Macbeth (1971 Movie)

Macbeth
IMDB Page (external link)
Writer: William Shakespeare (play)
Roman Polanski & Kenneth Tynan
Starring: Jon Finch,
Francesca Annis,
Martin Shaw
Director: Roman Polanski
Music by: The Third Ear Band
Distributor: Columbia Pictures
Release Date: 13 October, 1971 (USA)
Runtime: 140 min.
Language: English
Related movies: - Kumonosu j (1957), by Akira Kurosawa
-Maqbool (2003), version set in India, by Vishal Bharadwaj
-Macbeth (1948), by Orson Welles
Awards: 1972 National Board of Review,
NBR Award for Best Picture;
1973 BAFTA,
BAFTA Award for Best Costume Design
Macbeth (also known as The Tragedy of Macbeth) is a 1971 film directed by Roman Polanski, based on William Shakespeare's play of the same name, concerning the Scottish lord who becomes the king through deceit, treachery and murder.
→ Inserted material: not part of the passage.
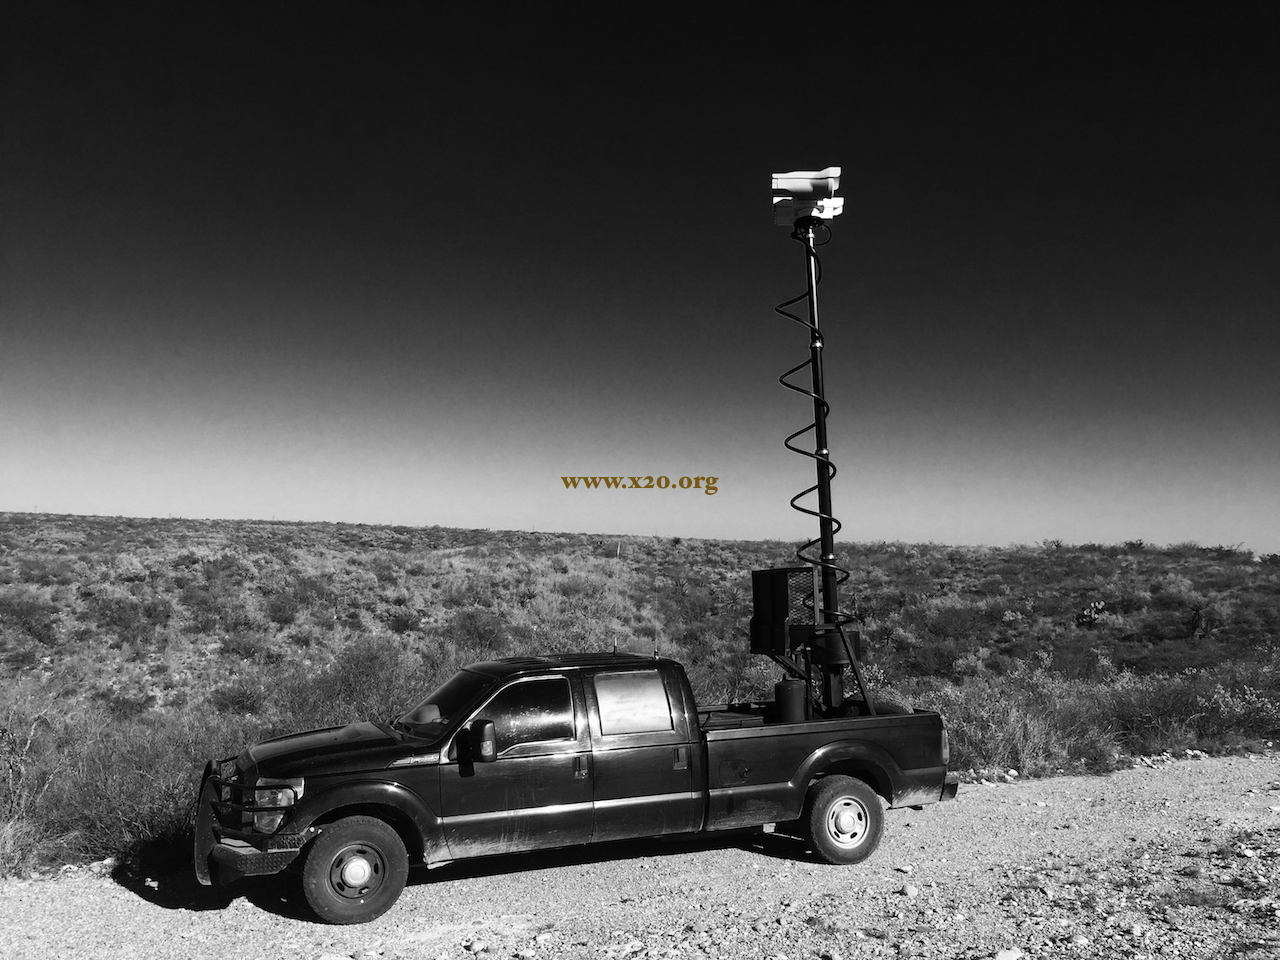 long range ptz mobile vehicle thermal imaging FLIR camera

It stars Jon Finch as Macbeth and Francesca Annis as Lady Macbeth. Because of the transition from play to movie, some passages from the original play had to be cut out for time constraints, and some soliloquies have been changed to inner monologues for the sake of realism. Although the film maintains the basic structure of Shakespeare's original text, it is considered one of the darkest interpretations ever conceived. It overtly presents much of the violence only implied in the play, including the murder of King Duncan, the bear-baiting, the execution of the traitorous Thane of Cawdor, and Macbeth's decapitation. This has been attributed to the fact that Polanski's wife, actress Sharon Tate, had been brutally murdered by the Charles Manson family in 1969, prompting the director to unleash his sadness and anger into this movie. The film is made up of single-camera shots, with which the audience becomes the witness. Almost all the dialogues lack music playing in the background, all that remains are words. Both Lady Macbeth, whom many consider tamer and softer than usual, and Macbeth are much younger than tradition goes. Polanski's Lady Macbeth is an ambitious woman who rules his husband with her sexual power and whose strength shatters when she witnesses the disastrous outcome of her plans. The reason she is portrayed so is explained by Polanski in an interview: "The directors always present Lady Macbeth as a nagging bitch. But people who do ghastly things in life, they are not grim, like a horror movie."

Production

When his wife Sharon Tate was murdered, Roman Polanski gave up on his latest film project Day of the Dolphin, and started blaming himself. He even had psychics called over his house where the murders were committed. Meanwhile, he had on his mind to adapt perhaps the bloodiest work in English literature, Shakespeare's Macbeth, but he had trouble financing his project when major studios turned him down. His saviour was the owner of Playboy Enterprises, Hugh Hefner who promised plenty of nudity, blood and gore. Although exceeding its budget by about 600 thousand dollars, the film was not as lascivious as Hefner anticipated, but it received reviews such as "a world flooded with blood".